I've done it and it's an involved process. Had to;
Track down last known owner and send him a certified letter explaining I will auction boat off for unpaid storage. He called me to ask what's up and I explained it's just to get a clear title, he was okay with that. Had to advertise in a local paper for the auction and save a copy of that. had an "auction" (no one showed). Bought boat, made a bill of sale. Then you can title it.
People at the ODNR were very nice and explained to whole process to me.


----------



## FISHIN 2 (Jun 22, 2005)

WALK AWAY


----------



## Pagsjr87 (May 22, 2014)

Depends on size. Under 14' there is not title. They run the hull numbers and you sign a paper saying you didnt steal it etc etc. I just did it with a 13' 9" aluminum


----------



## bridgeman (Aug 26, 2010)

I can write a book... don't walk run..


----------



## sherman51 (Apr 12, 2011)

just check with the dmv. they can steer you right. in Indiana you need to have a bill of sale then file in court against the last known owner for a title. the court will send out a summons to the last known owner. when they don't show or dispute then the court will issue a court order for the dmv to issue a title in your name. it cost 140.00 to file the court case the last time I filed.
sherman


----------



## Nauti cat (Nov 30, 2009)

No title no money...…………………...


----------



## Popspastime (Apr 1, 2014)

No title, don't touch it.


----------



## sherman51 (Apr 12, 2011)

to many people just say don't buy it. but if its a good price and the bmv will issue you a title then why not buy it. don't listen to any of us back yard lawyers. find out from the the source make a call to the bmv or make a trip to the bmv and have them write down what you can do.
sherman


----------



## ShaneMC (Nov 27, 2012)

Why put yourself in this situation? Titles Prove Ownership!!

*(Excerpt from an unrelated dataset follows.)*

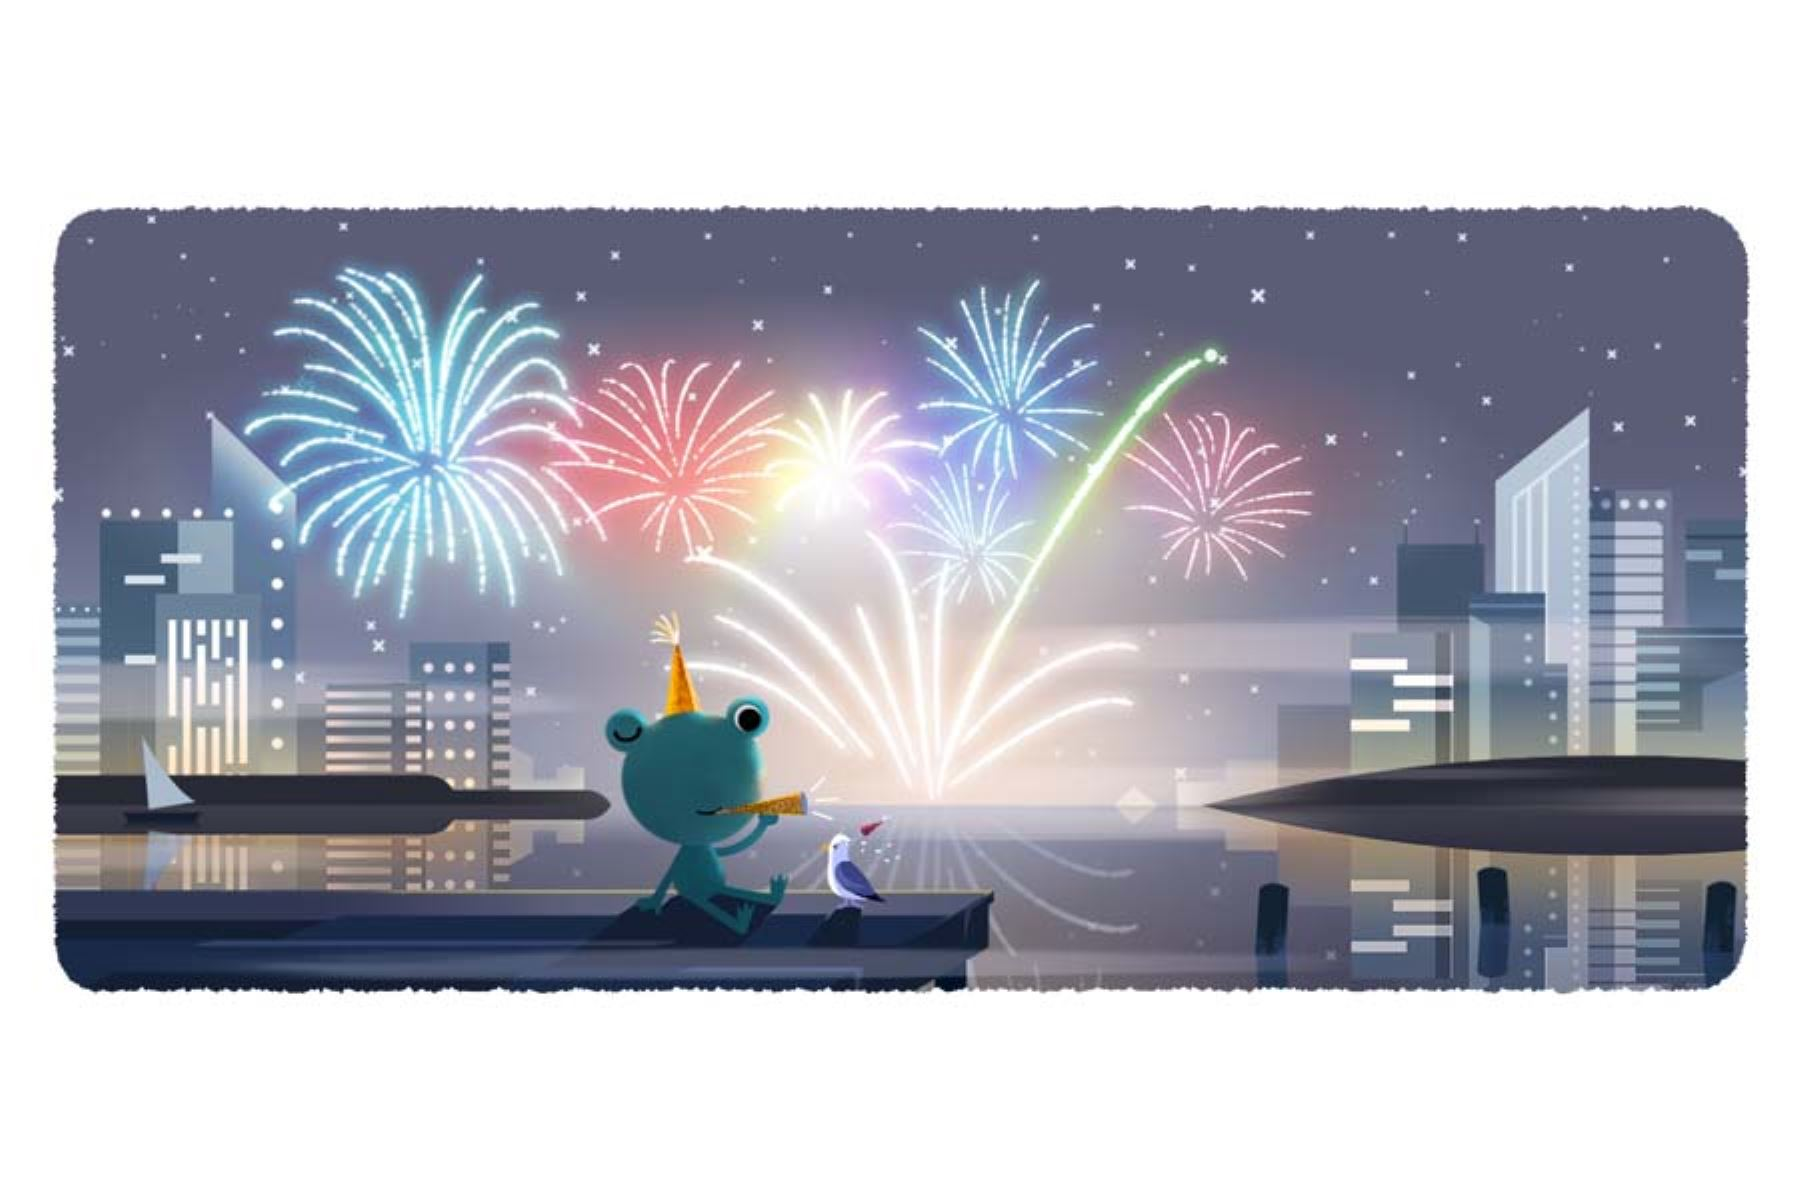 Google recibe el Año Nuevo 2020 con un Doodle interactivo

Why can't you get a title? Previous seller bought outside ohio and does want to pay taxes to get a legit ohio title?

*Just so you're aware, if you buy this boat over 14ft an its reported stolen, you lose the boat, money, and catch a charge for receiving stolen property. No title, no registration , no using it....

Is it worth the gamble?*



I bought a motor on ebay from a marina in South carolina. Seller said I'll get you a title. Never happened. I got odnr watercraft headquarters in columbus look into the matter via a serial number. Seller still had a lien on it!!!!!!! SC natural resources office and Odnr got me a title after seller was forced to pay lien off or face jail


----------



## Raider16 (Oct 19, 2016)

If the deal is on the up and up , why not make the deal contingent on seller getting the title?


----------



## ShaneMC (Nov 27, 2012)

Since OP not responded since 10-11 he probably bought the boat anyways and screwed himself


----------



## bountyhunter (Apr 28, 2004)

I agree with sherm been there had no trouble, just did what dmv said to do.


----------



## DHower08 (Nov 20, 2015)

ShaneMC said:


> Since OP not responded since 10-11 he probably bought the boat anyways and screwed himself


No wifi in the pokey


----------